I've been reading/studying E F Shumacher's A Guide for the Perplexed, a philosophical book about the nature of knowledge and our capacity for understanding the world, especially in relation to "higher" and "lower" processes of humanity, (IE, prayer or meditation vs hunger or fear) and I'm hoping a Buddhist perspective can help me to understand one aspect of it better. In it, he refers to self-awareness as the level of human existence that is activated or discovered by mindfulness-meditation, by dismissing the thoughts that come from the level of consciousness. He says that self-awareness produces insights rather than thoughts. Shumacher was a Catholic at the time of writing this, but I understand that he studied and was influenced heavily by Buddhism, and I believe that is where his ideas about thought come from. I am not a Buddhist, though I have tried meditation. An idea that I have struggled with in all of this is the definition of thought. I have always considered the processes by which one would analyze or dismiss a thought to also be thinking. I would consider an insight to be a type of thought, not something higher than a thought. I am now struggling to understand whether I simply have too broad of a definition for thought, or am simply so philosophically-challenged that I have never experienced this process-above-thought discussed by Shumacher and Buddhism. Can you help me understand what the Buddhist definition of a "thought" is? Do you have a different word for the process by which one would dismiss a thought or analyze a thought while meditating? Everything beyond this point is my own speculation on the subject, for clarity or analysis. If you already understand my problem or misunderstanding, feel free to skip it.

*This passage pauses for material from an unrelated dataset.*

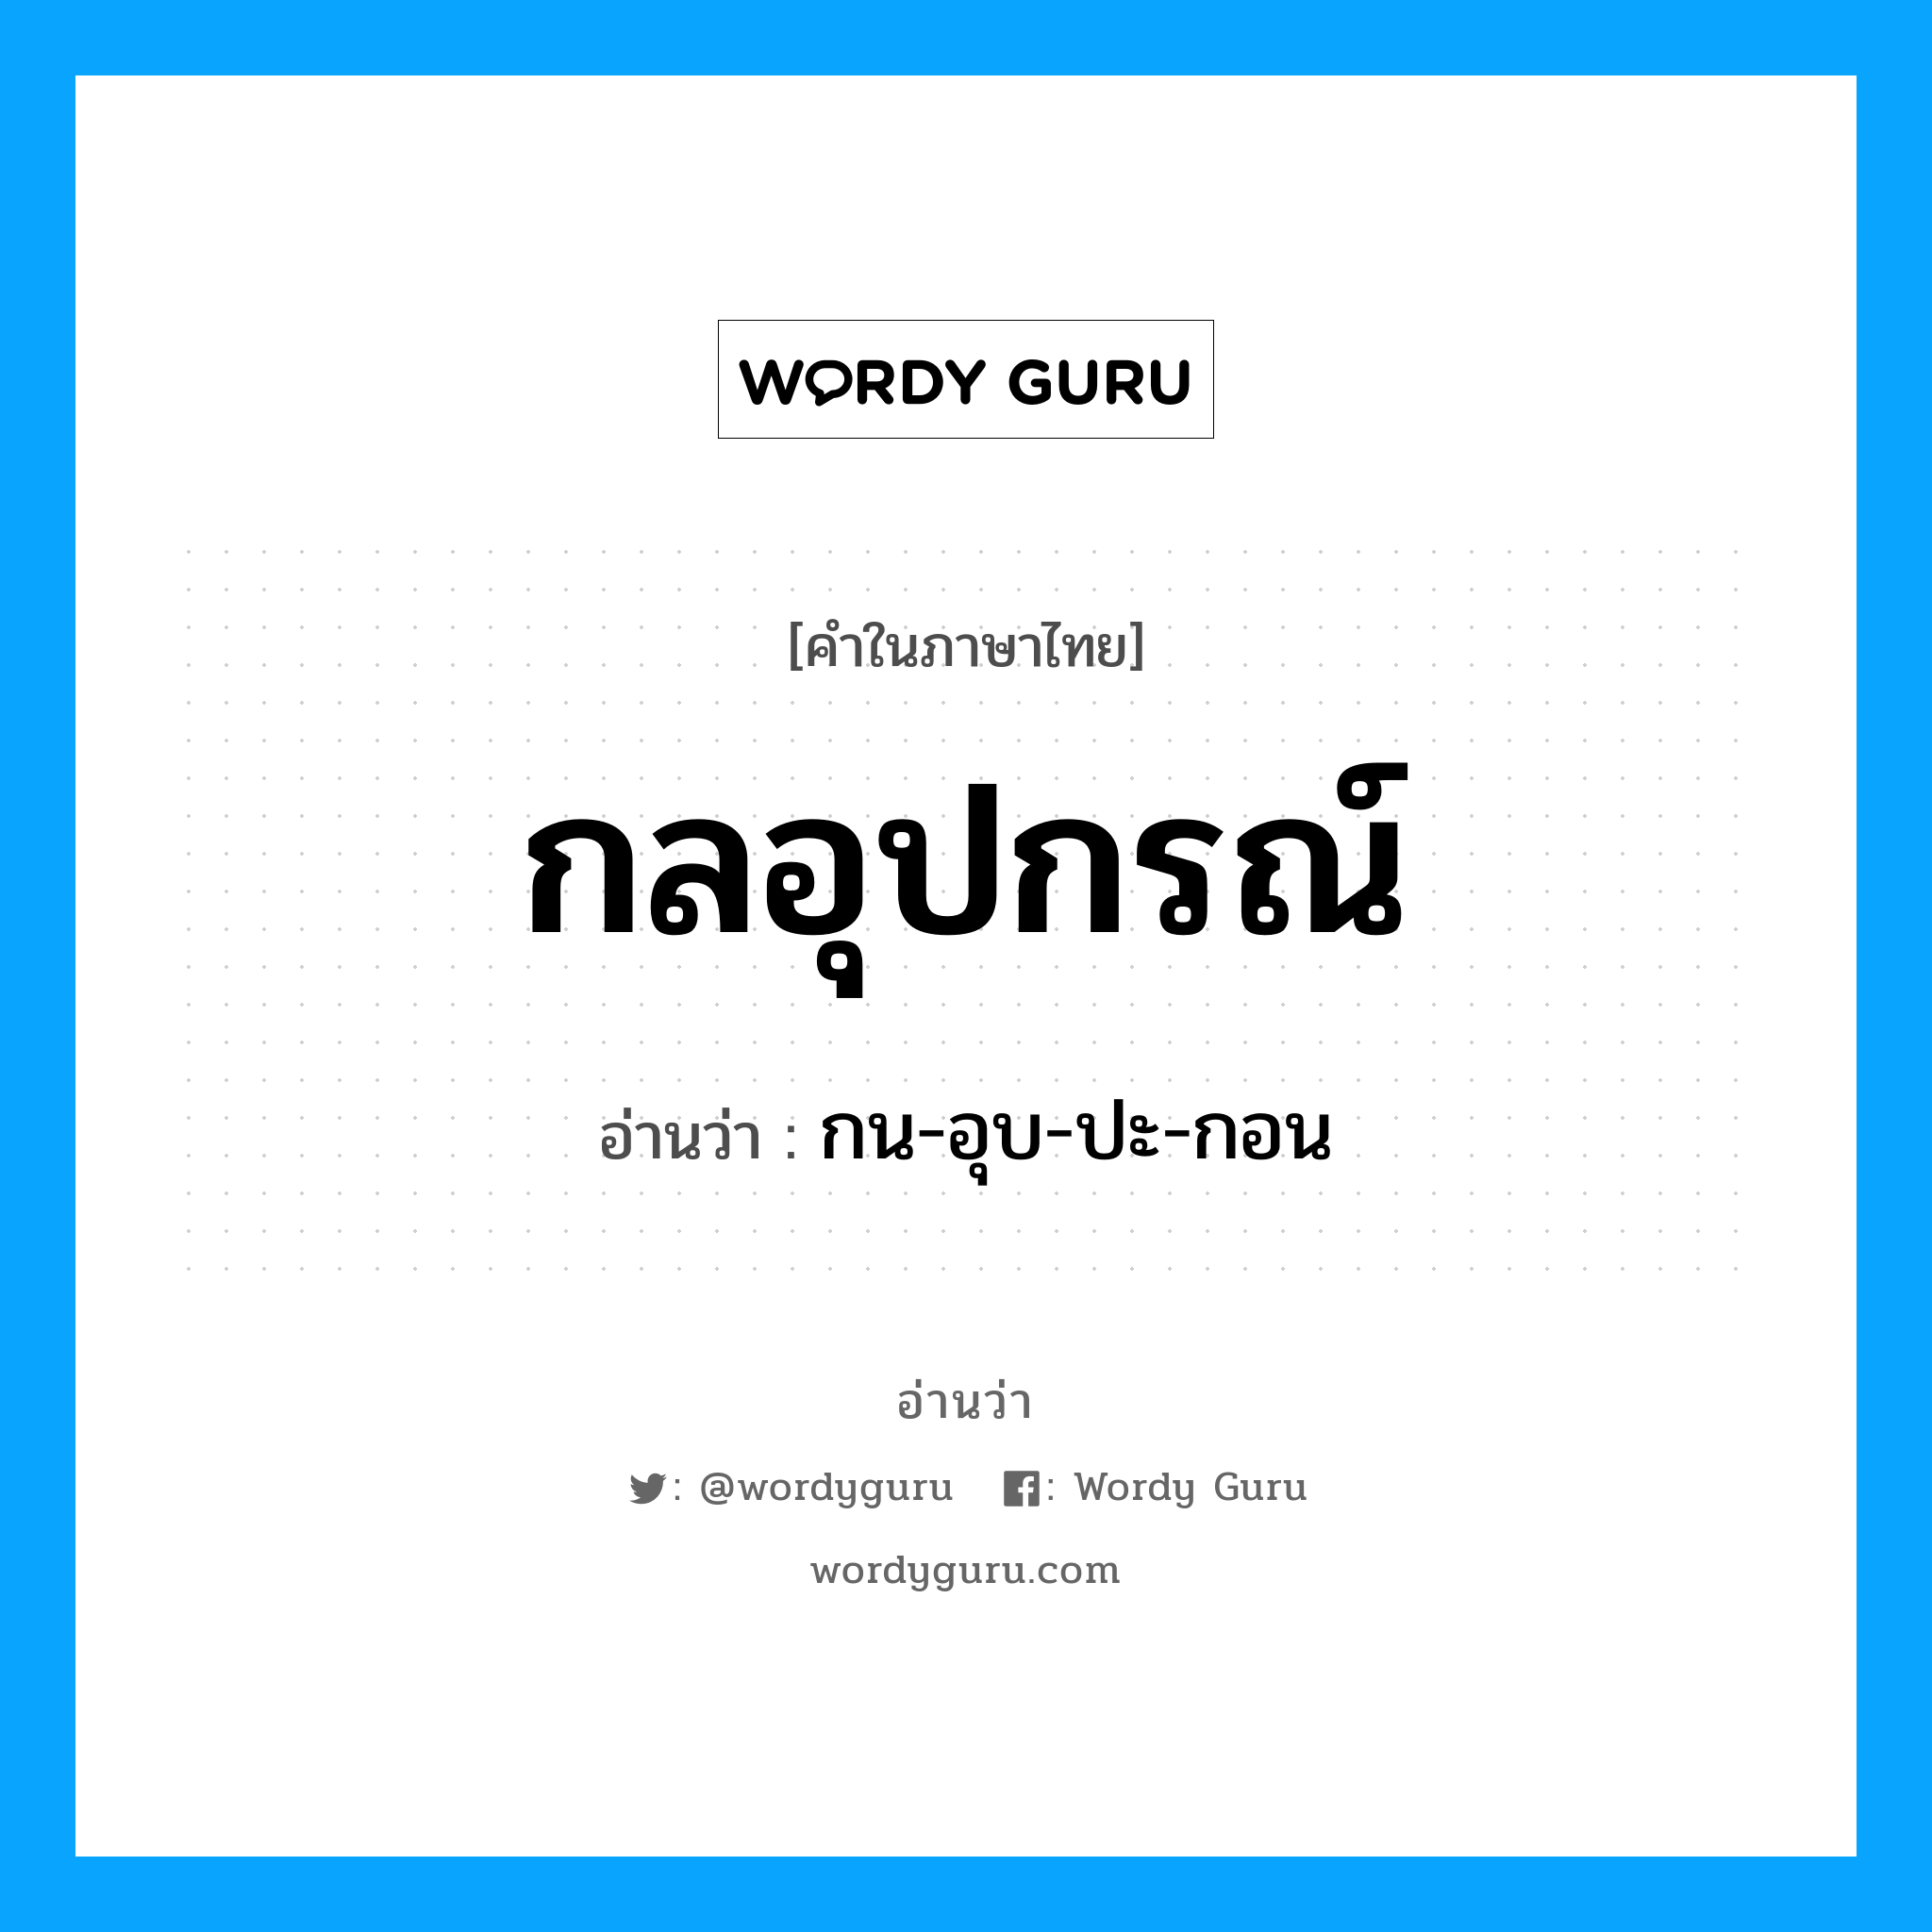 กน-อุบ-ปะ-กอน เป็นคำอ่านของคำไหน?, คำในภาษาไทย กน-อุบ-ปะ-กอน อ่านว่า กลอุปกรณ์

I have wondered if Freud's ego and super-ego may shed light on this. I would say that "thought" is the word used to describe the processes of both the ego and super-ego, but I wonder if Shumacher and Buddhism would consider "thought" to be what the ego does, and perhaps have a different word for the processes of the super-ego.
I have also imagined, as Shumacher does in his book, the human being as a programmer and computer. (The programmer being the self and the computer being the human brain) The human computer carries out all the day-to-day activities we do without higher thought, while the human programmer directs the computer and programs it so that it behaves as desired. In this analogy, I would consider all communication between the "computer" and "programmer" to be thought, but I wonder if Shumacher and Buddhism considers thought to be information passed from the computer to the programmer, while directions passed from the programmer to the computer is something else.
I have included the translation tag, as I suspect my answer may largely pivot on the translation of the word "thought" from Buddhist texts into English, and whether there is a more thorough translation of it that could explain this.